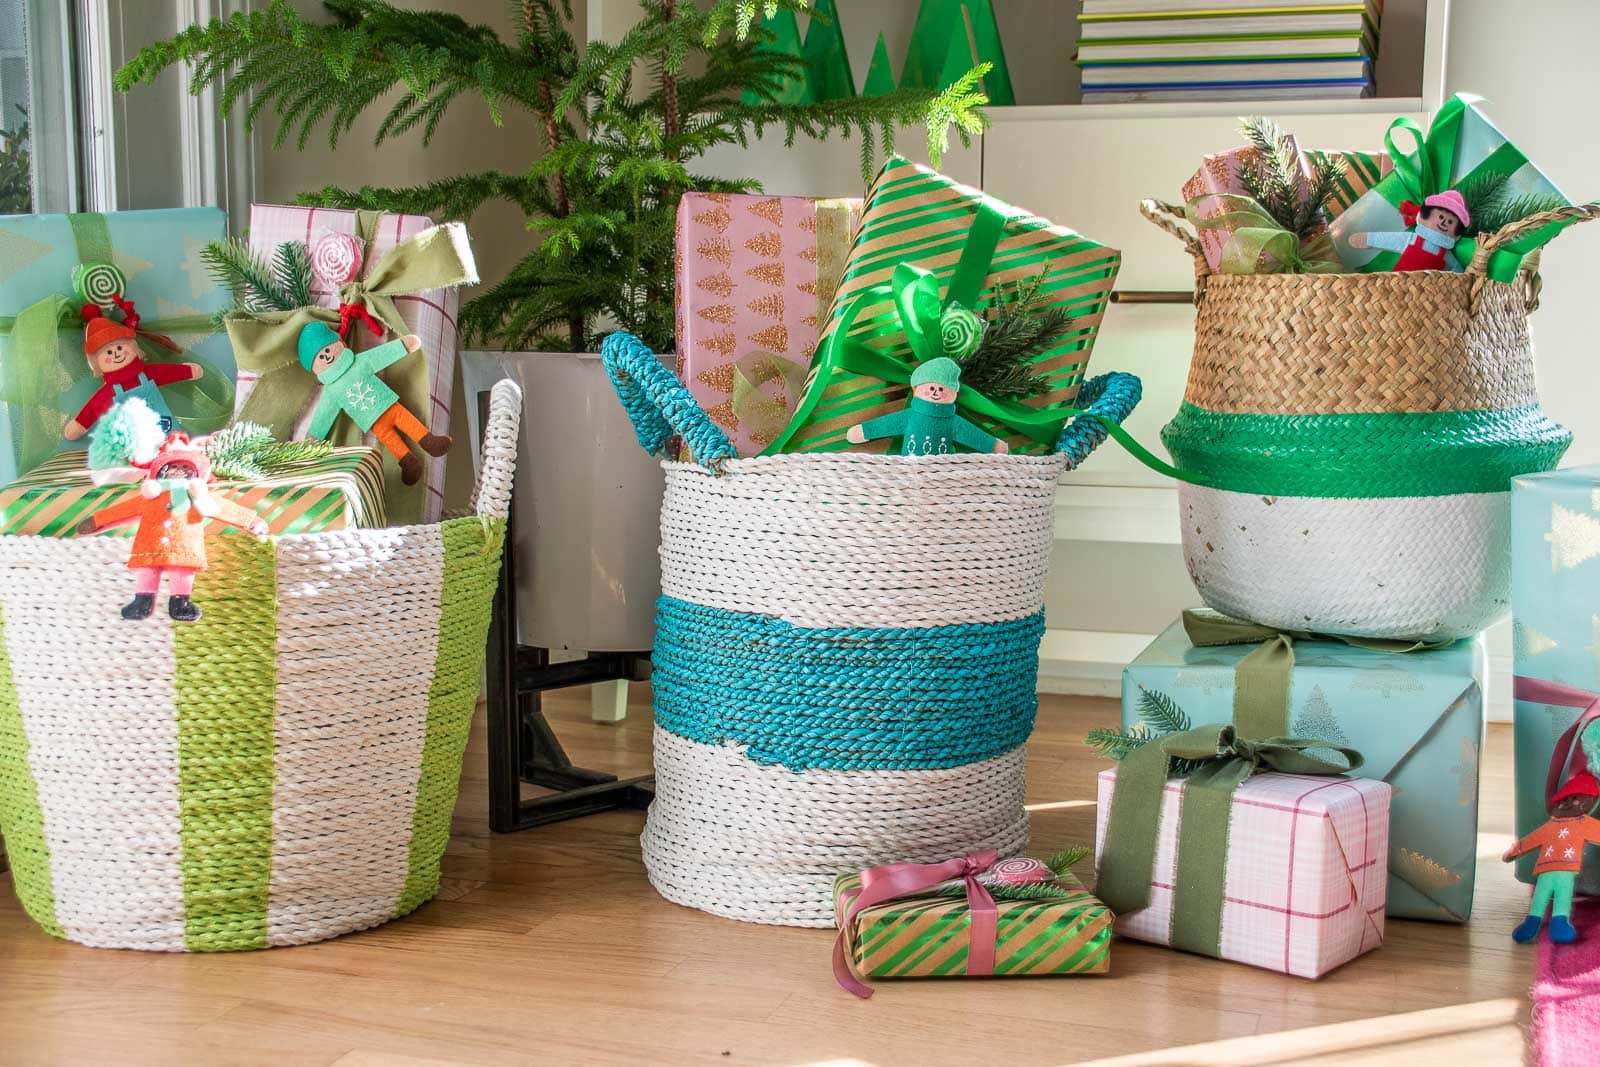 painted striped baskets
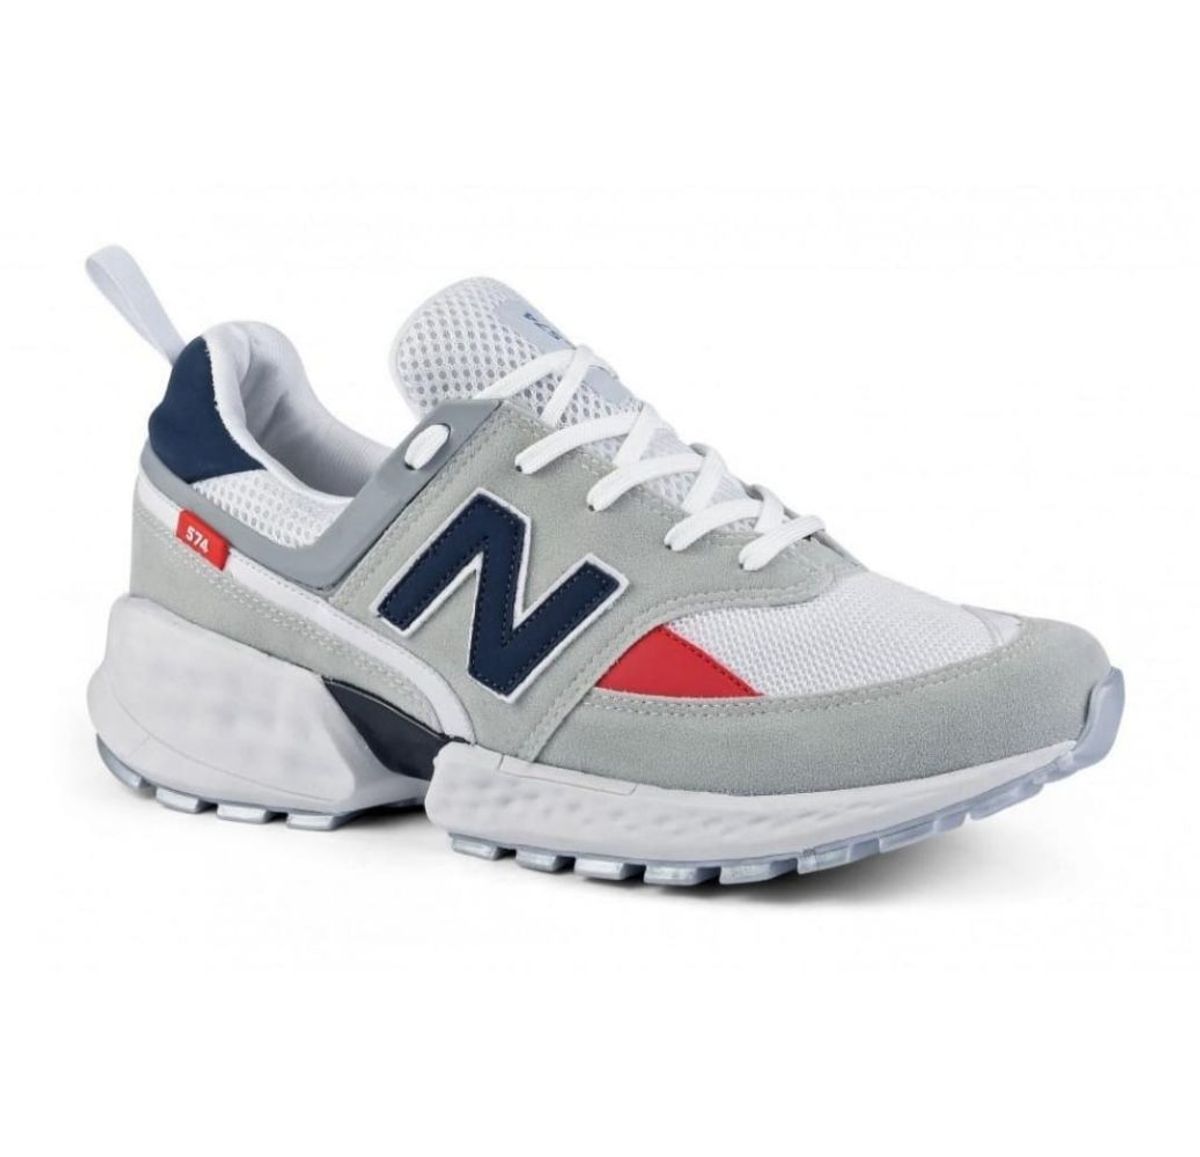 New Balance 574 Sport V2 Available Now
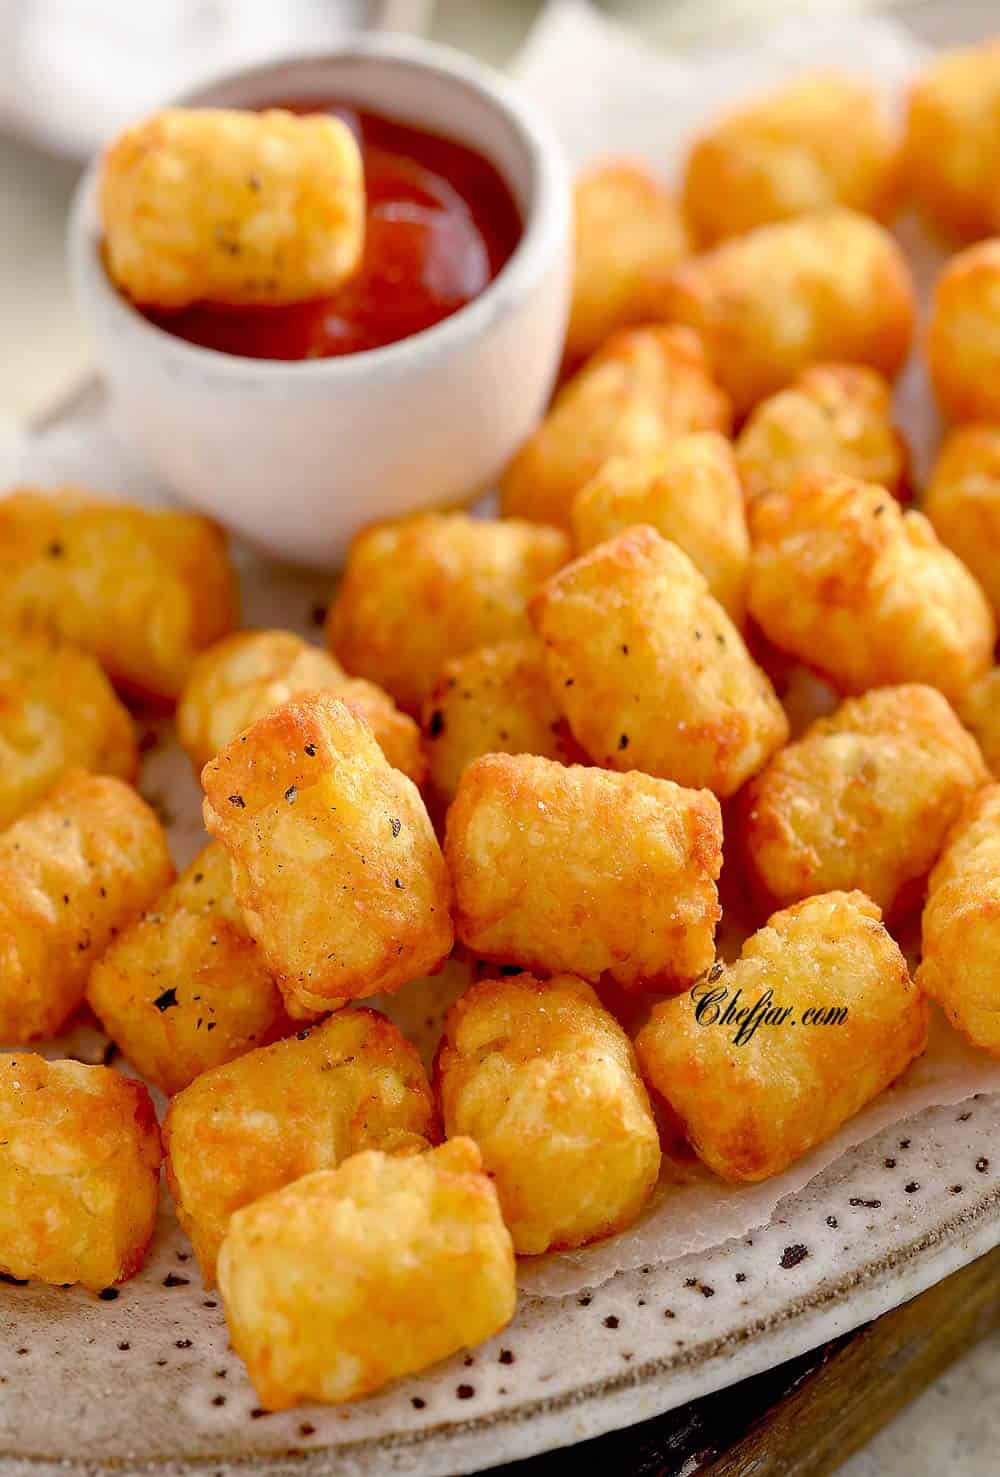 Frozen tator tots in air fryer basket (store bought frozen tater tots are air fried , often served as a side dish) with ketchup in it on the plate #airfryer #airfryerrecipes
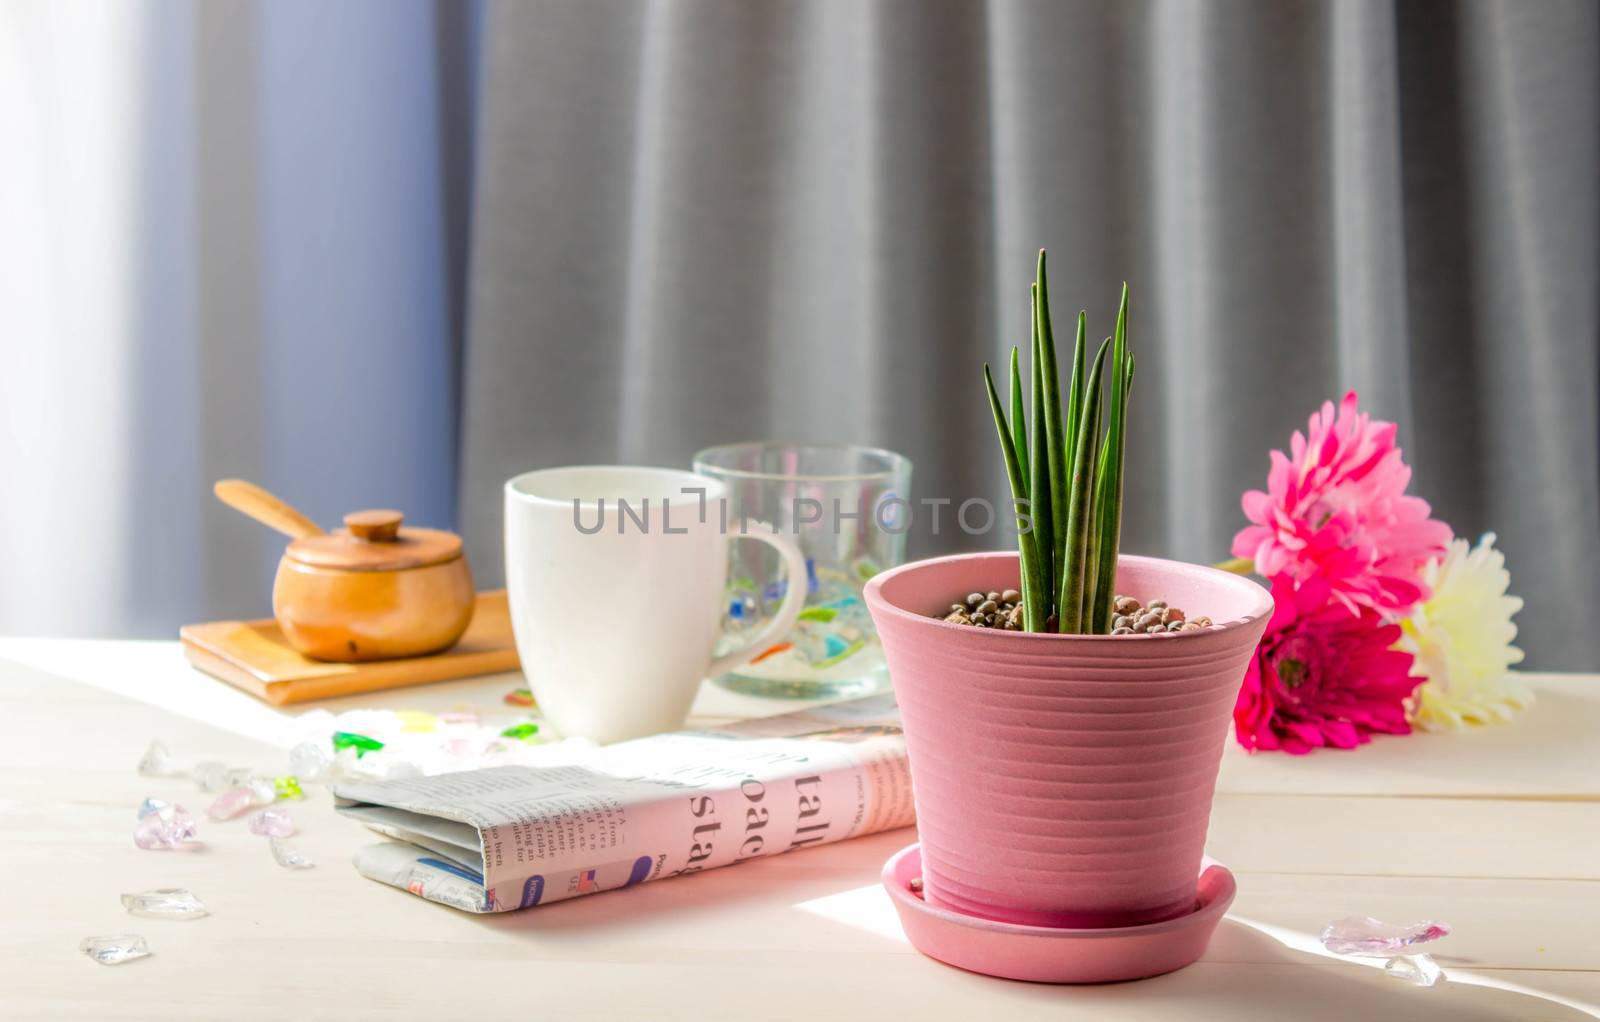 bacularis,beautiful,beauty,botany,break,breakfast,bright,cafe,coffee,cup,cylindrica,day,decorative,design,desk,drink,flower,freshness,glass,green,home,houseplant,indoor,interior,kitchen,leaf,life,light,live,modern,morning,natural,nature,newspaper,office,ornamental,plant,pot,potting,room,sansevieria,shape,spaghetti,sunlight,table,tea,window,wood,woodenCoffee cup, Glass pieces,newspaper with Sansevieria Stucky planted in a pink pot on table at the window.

Assignment —
An exact repeat of all the data is required, pictures excluded.

Written response —
 painted striped baskets
 New Balance 574 Sport V2 Available Now
 Frozen tator tots in air fryer basket (store bought frozen tater tots are air fried , often served as a side dish) with ketchup in it on the plate #airfryer #airfryerrecipes
 bacularis,beautiful,beauty,botany,break,breakfast,bright,cafe,coffee,cup,cylindrica,day,decorative,design,desk,drink,flower,freshness,glass,green,home,houseplant,indoor,interior,kitchen,leaf,life,light,live,modern,morning,natural,nature,newspaper,office,ornamental,plant,pot,potting,room,sansevieria,shape,spaghetti,sunlight,table,tea,window,wood,woodenCoffee cup, Glass pieces,newspaper with Sansevieria Stucky planted in a pink pot on table at the window.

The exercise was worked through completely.